A su memoria llegaron los antiguos viajes, el comercio, la designación que les dieron los griegos. Pensó en la palabra helena phoenix o púrpura. Recordó que el poeta Homero llamó a su pueblo ‘los de la púrpura’, porque inventó el tinte del molusco murex, abundante en el litoral, donde sus mayores pescadores divisaron el mundo. Intuyó los innúmeros pueblos que atravesaban su propia voz. Entre tanto, el engendro -de colores metálicos- se aproximó un poco más.
A su memoria llegó el fenicio Goliat derribado por una honda del minúsculo David. Las palabras de Samuel retumbaron: ¡Goliat, de Gat, que tenía seis codos y un palmo…! Pensó en una batalla improbable donde la suerte de dos ejércitos se decide por un combate de dos hombres. Regresó a mirar su tierra ocupada, desde hace décadas. A su mente vino el nombre que habían dado sus hermanos a su propio holocausto: nakba. Sin remordimiento, recordó también la shoá, cuando hombres de luengas barbas perecieron ante el fuego, en lugares distantes, oscuros, con olor a carne quemada.
A sus labios acudió el poema de Mahmud Darwish: “Aquí, en la falda de las colinas, ante el ocaso / y las fauces del tiempo / junto a huertos de sombras arrancadas, / hacemos lo que hacen los prisioneros / lo que hacen los desempleados: / alimentamos la esperanza”. Descreyó de los pueblos elegidos por Dios, una deidad nacida en el desierto que, curiosamente, cobija a tres religiones.
Sin embargo, como un viento llegó el rumor de Soco, la alianza de Saúl con Judá, los amalaquitas, el silencio de los sicomoros. A la distancia, otra filistea vino a su memoria: Dalila (la noche, en hebreo) venciendo a Sansón (el Sol, según los caldeos), que tenía trenzas doradas. Pero el monstruo había devorado a tantos niños.

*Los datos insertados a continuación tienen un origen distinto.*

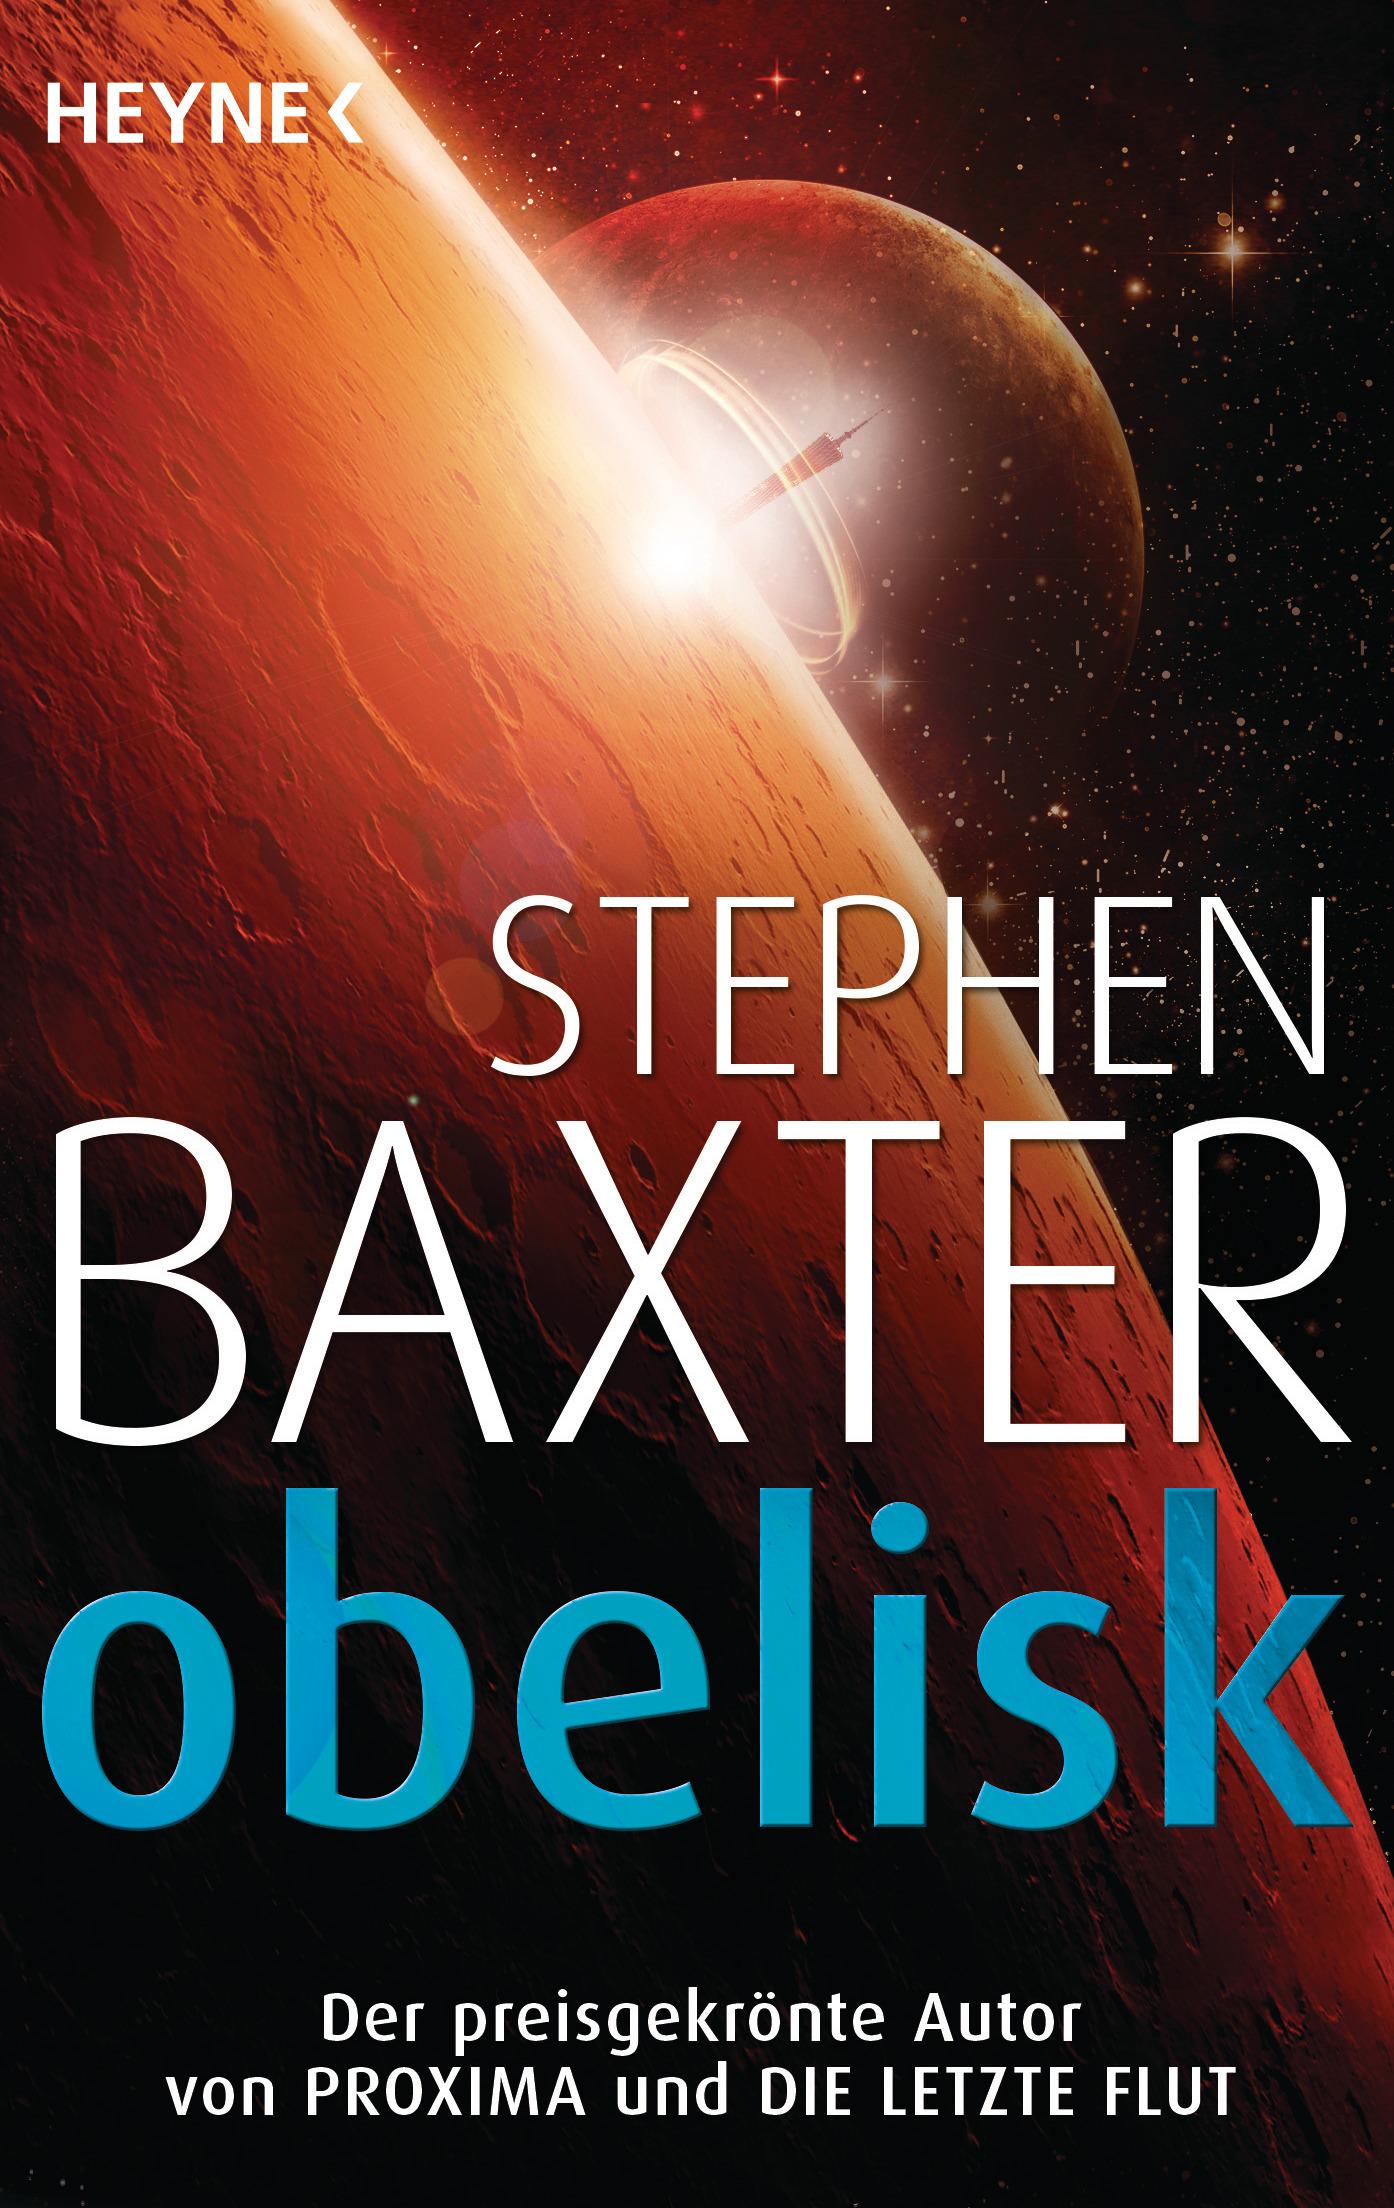 Stephen-Baxter-Obelisk-9783453319455
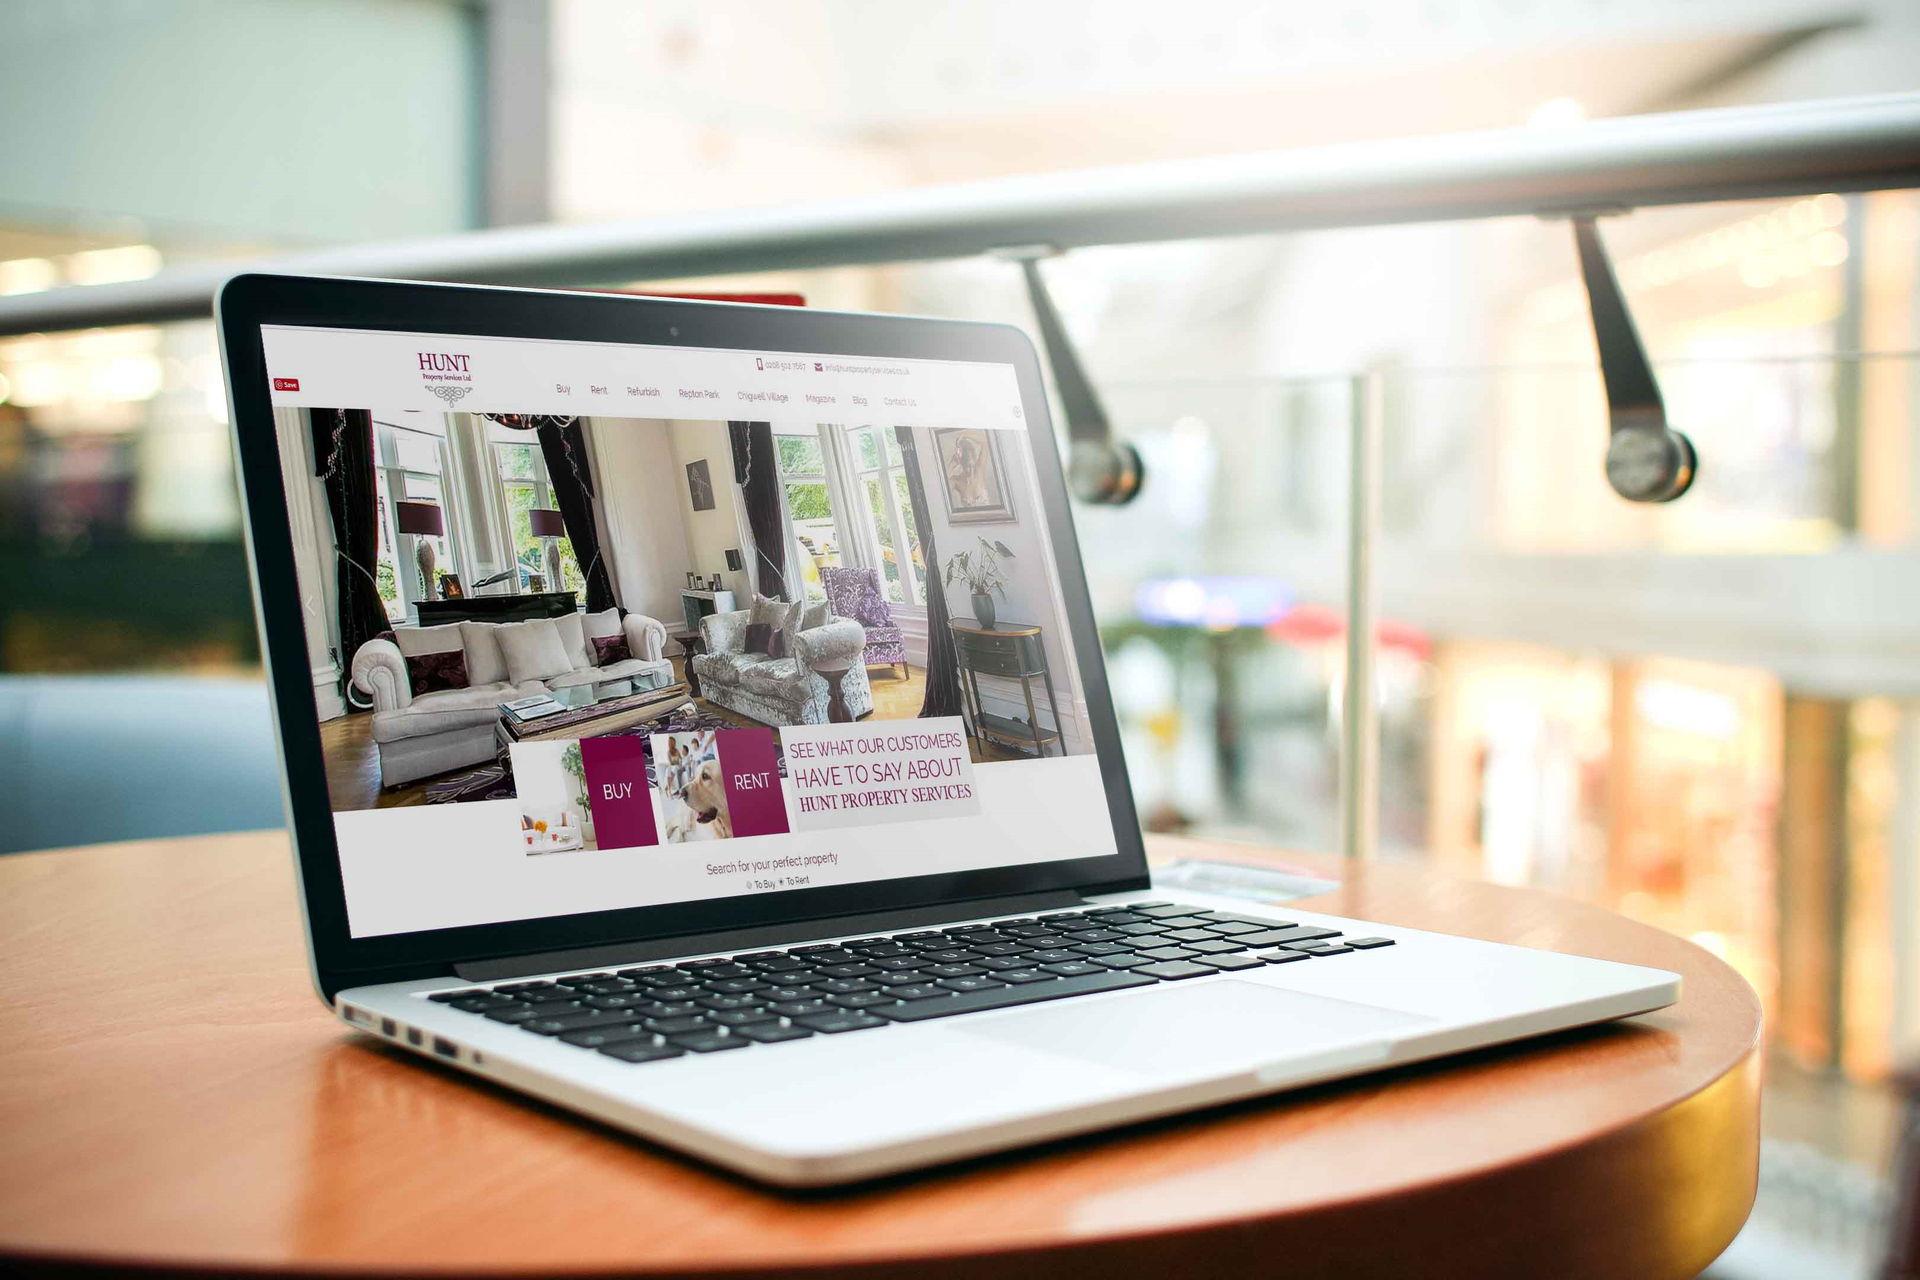 HOT! Cẩm nang kinh doanh online và bán hàng trên website hiệu quả

Nuevamente pensó en el padre de David, Isaí. La indignación del pequeño muchacho ante sus hermanos que, sirviendo al ejército, no aceptaron el desafío. La voz portentosa de Goliat exclamando que si lo vencían abandonaría esas tierras.
Pero frente al engendro del infierno la historia -así lo creyó- podría tener otros designios. Él, en verdad, era el pequeño David, en su tierra quebrada, cercada por los altos muros. Desplazó la honda y esperó la embestida… A sus pies, un reguero de piedras anunciaba perdidos combates.
Desde el tanque, Moshé, el hijo del rabino, dijo a su compañero: Puedes creer Isaac, el muchacho palestino apenas se movió.
El joven no logró concluir el poema de Darwish: “Los soldados calculan la distancia entre el ser / y la nada / con la mirilla del tanque”.